What is expected: All pictures are to be dropped, and the remaining data set down exactly.

Dataset section:

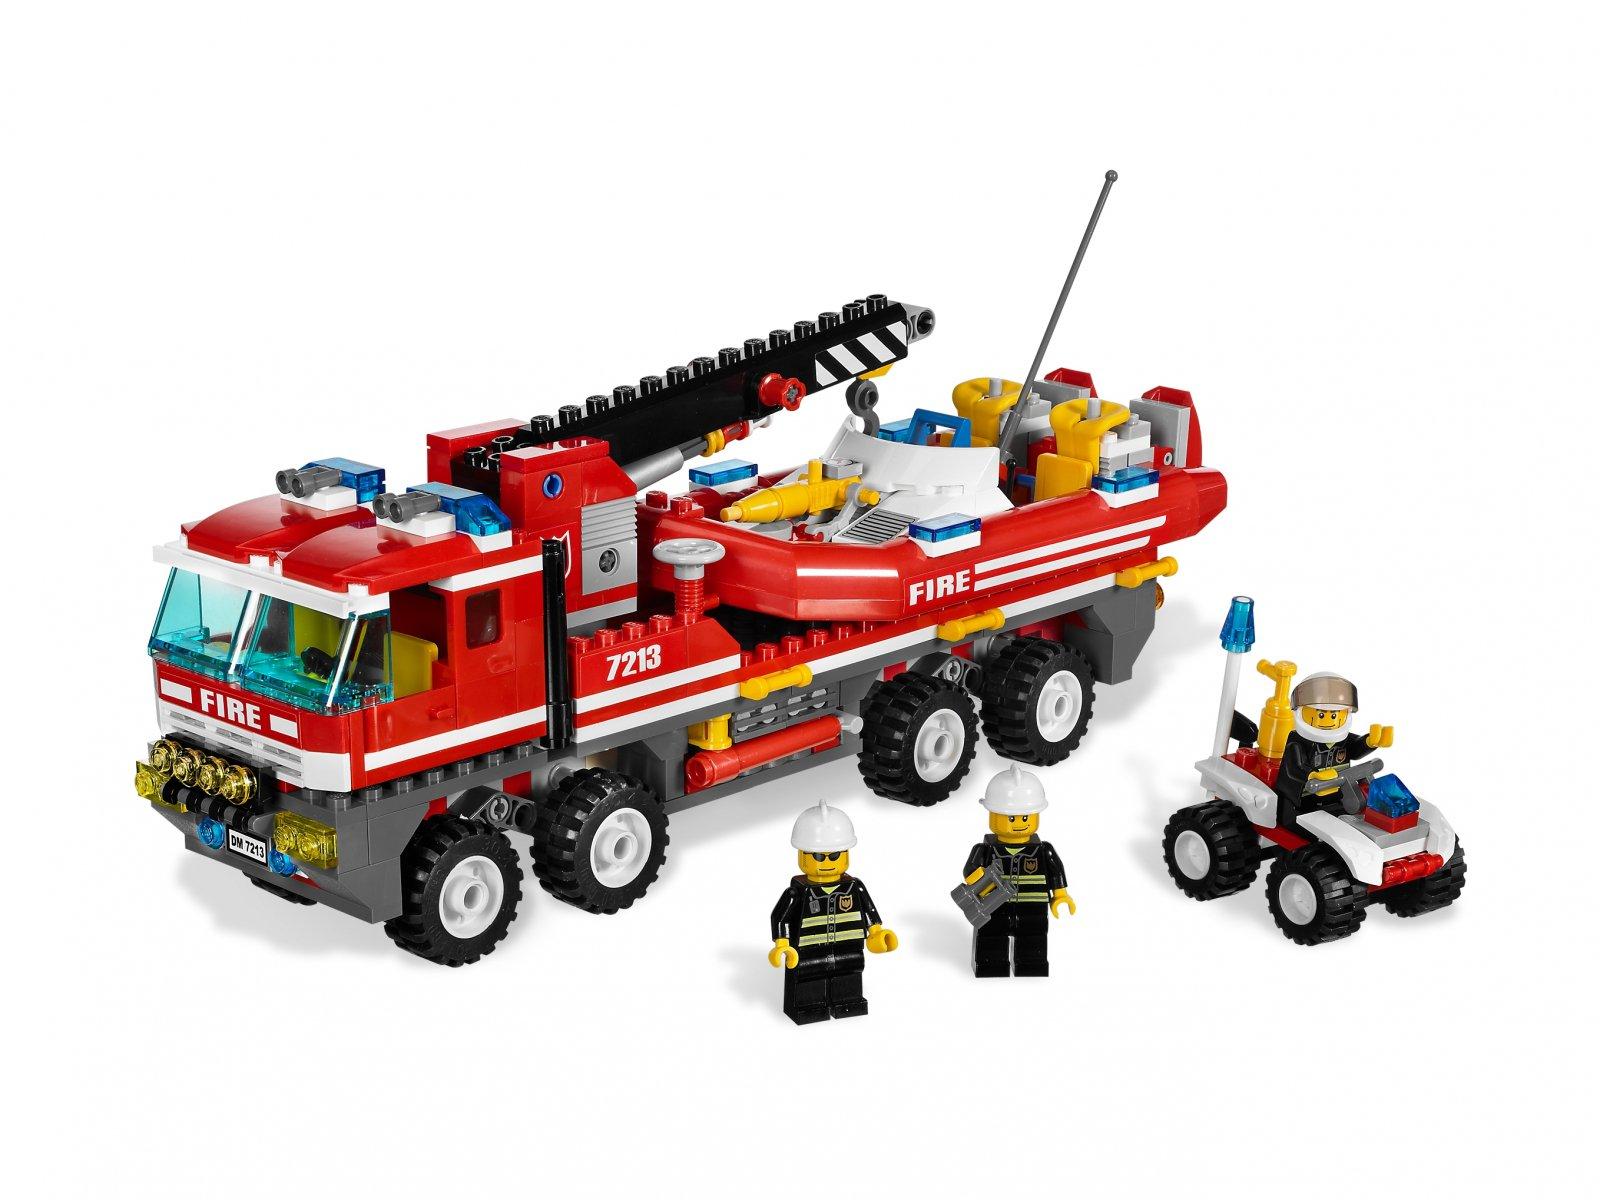 LEGO City 7213 Off-Road Fire Truck & Fireboat
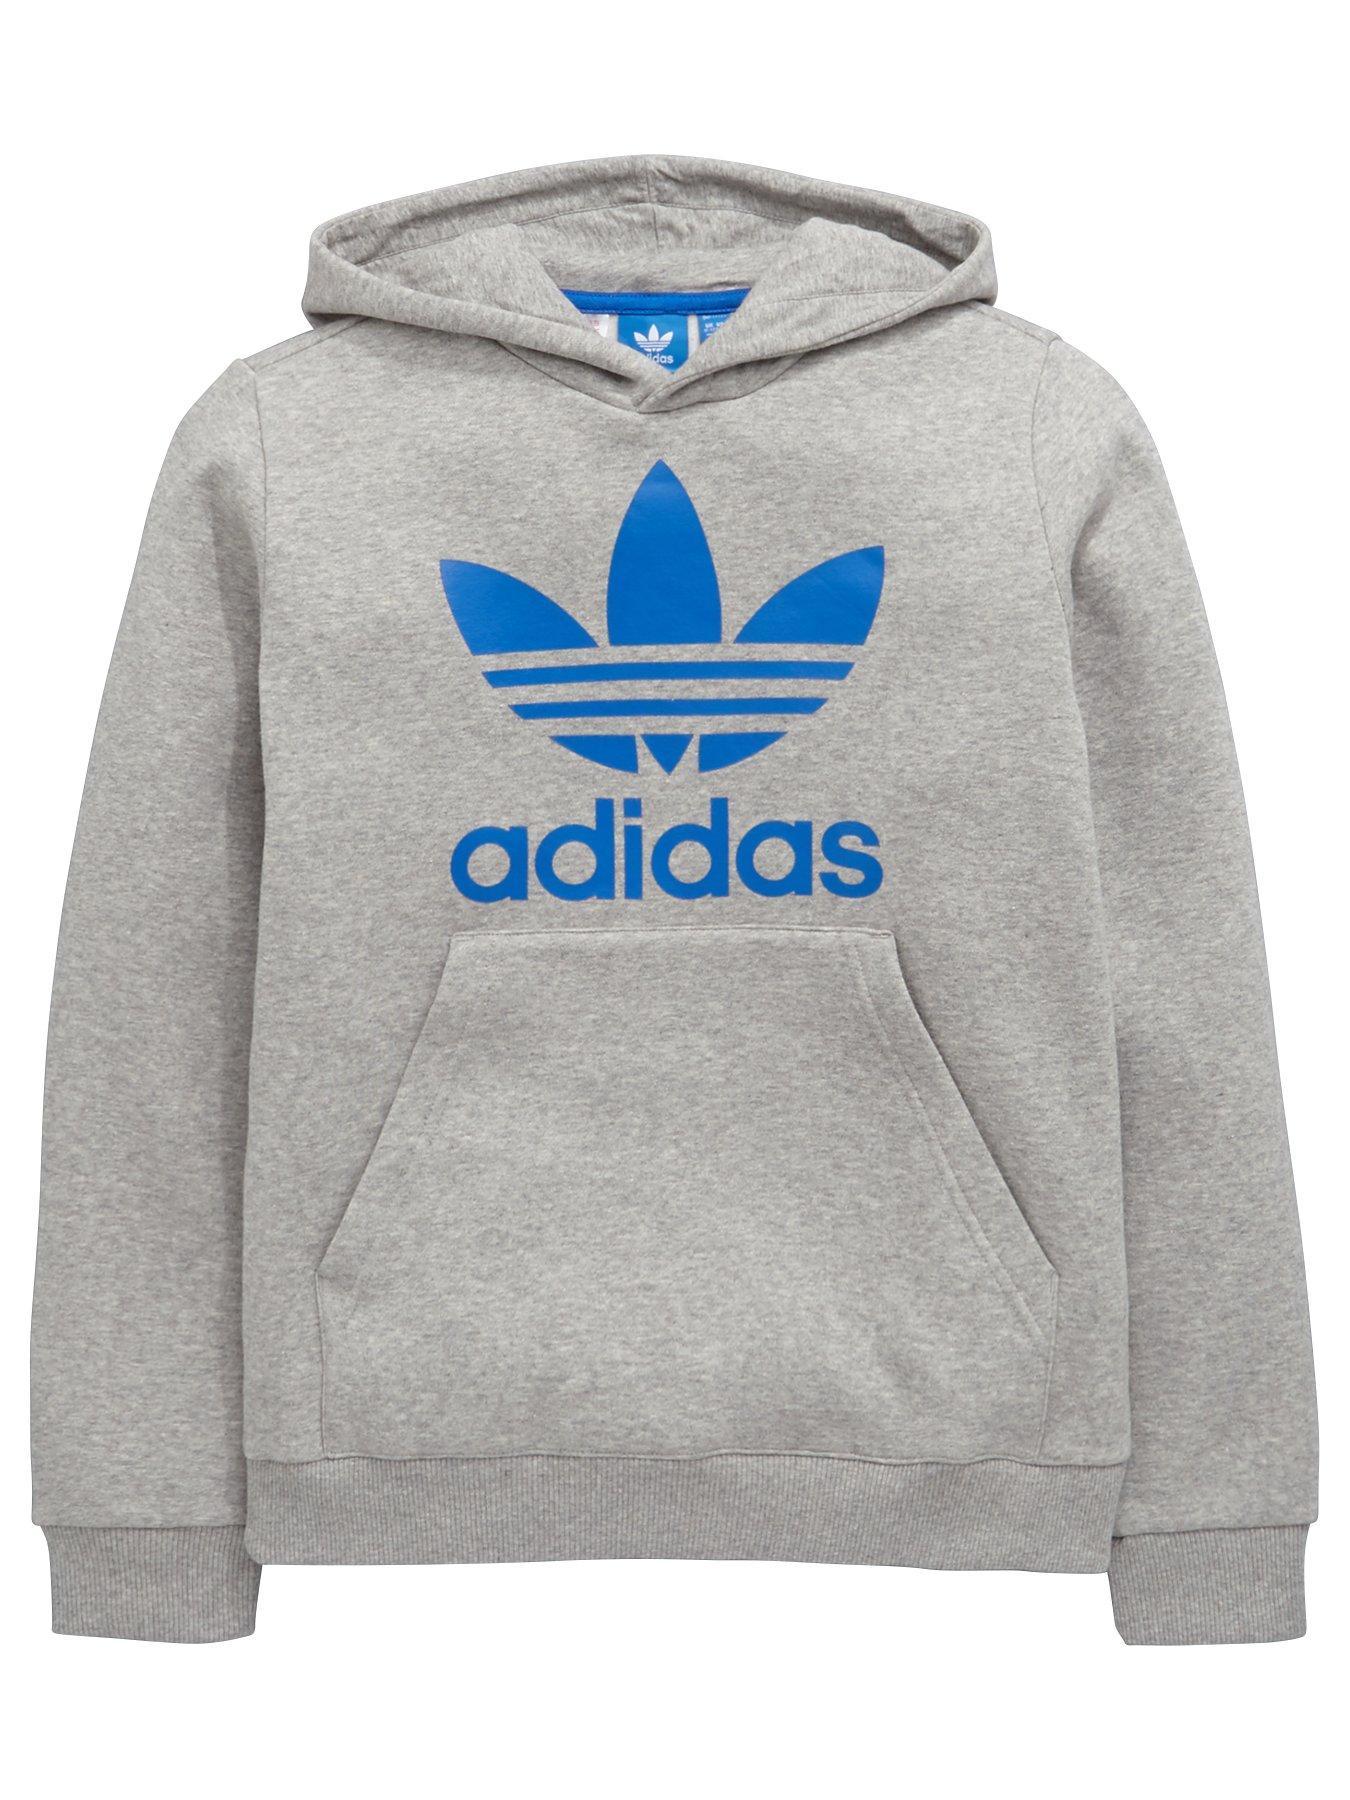 adidas hoodie grey and blue,adidas performance watches   OFF78% Free ... c6eba151ab
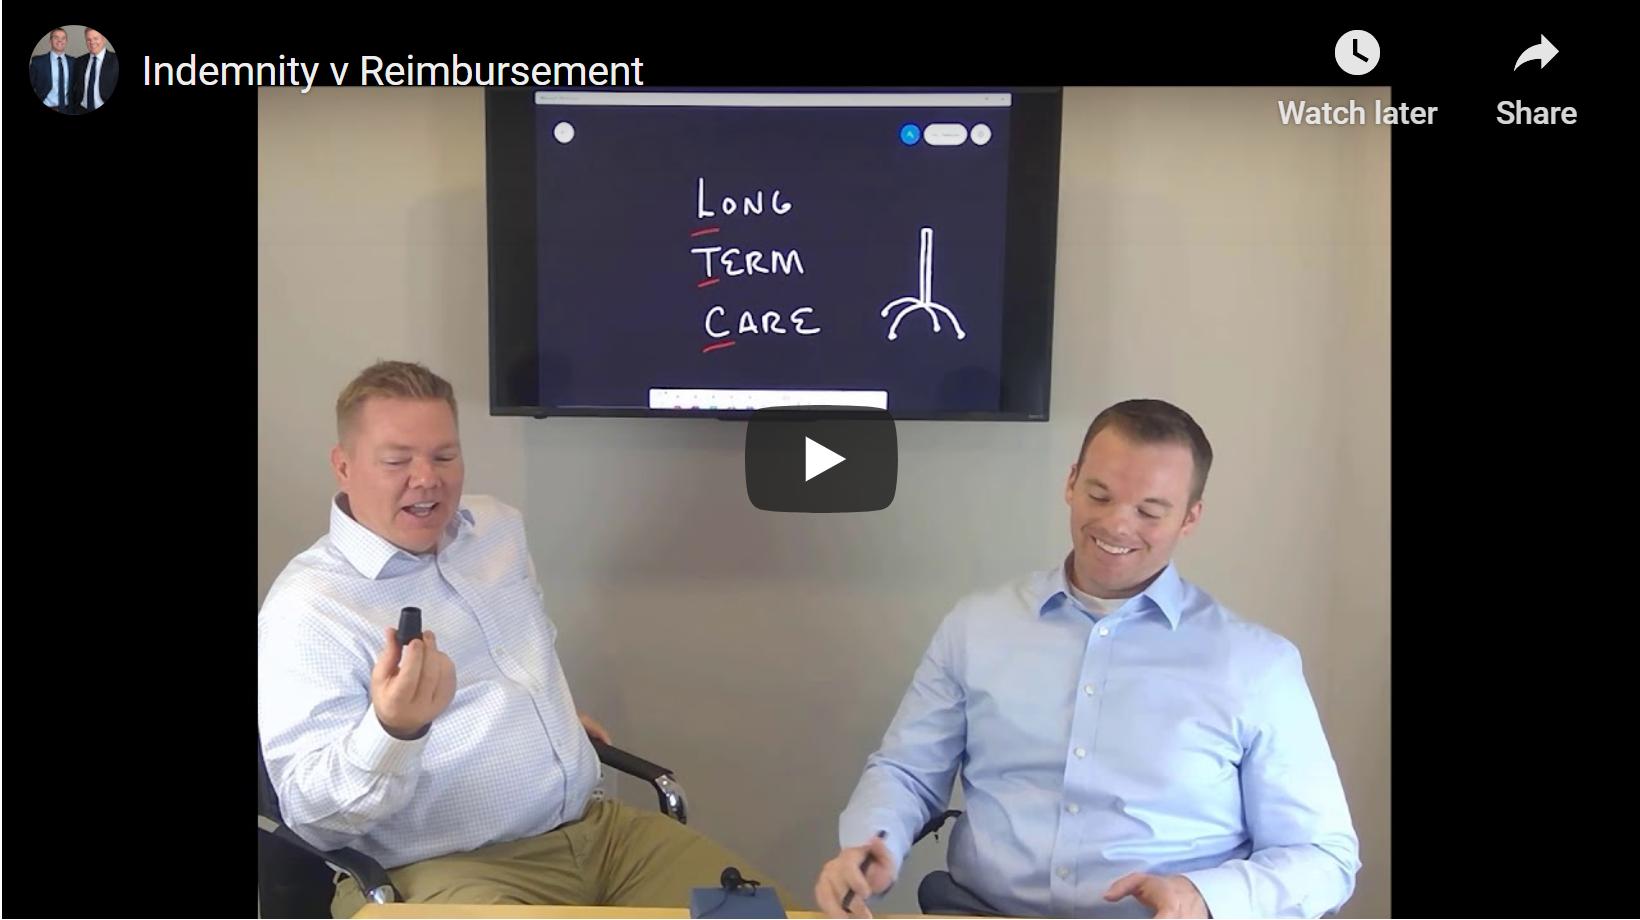 Long Term Care, Part II:  Indemnity v. Reimbursement Thumbnail

Response for this exercise:
 LEGO City 7213 Off-Road Fire Truck & Fireboat
 adidas hoodie grey and blue,adidas performance watches   OFF78% Free ... c6eba151ab
 Long Term Care, Part II:  Indemnity v. Reimbursement Thumbnail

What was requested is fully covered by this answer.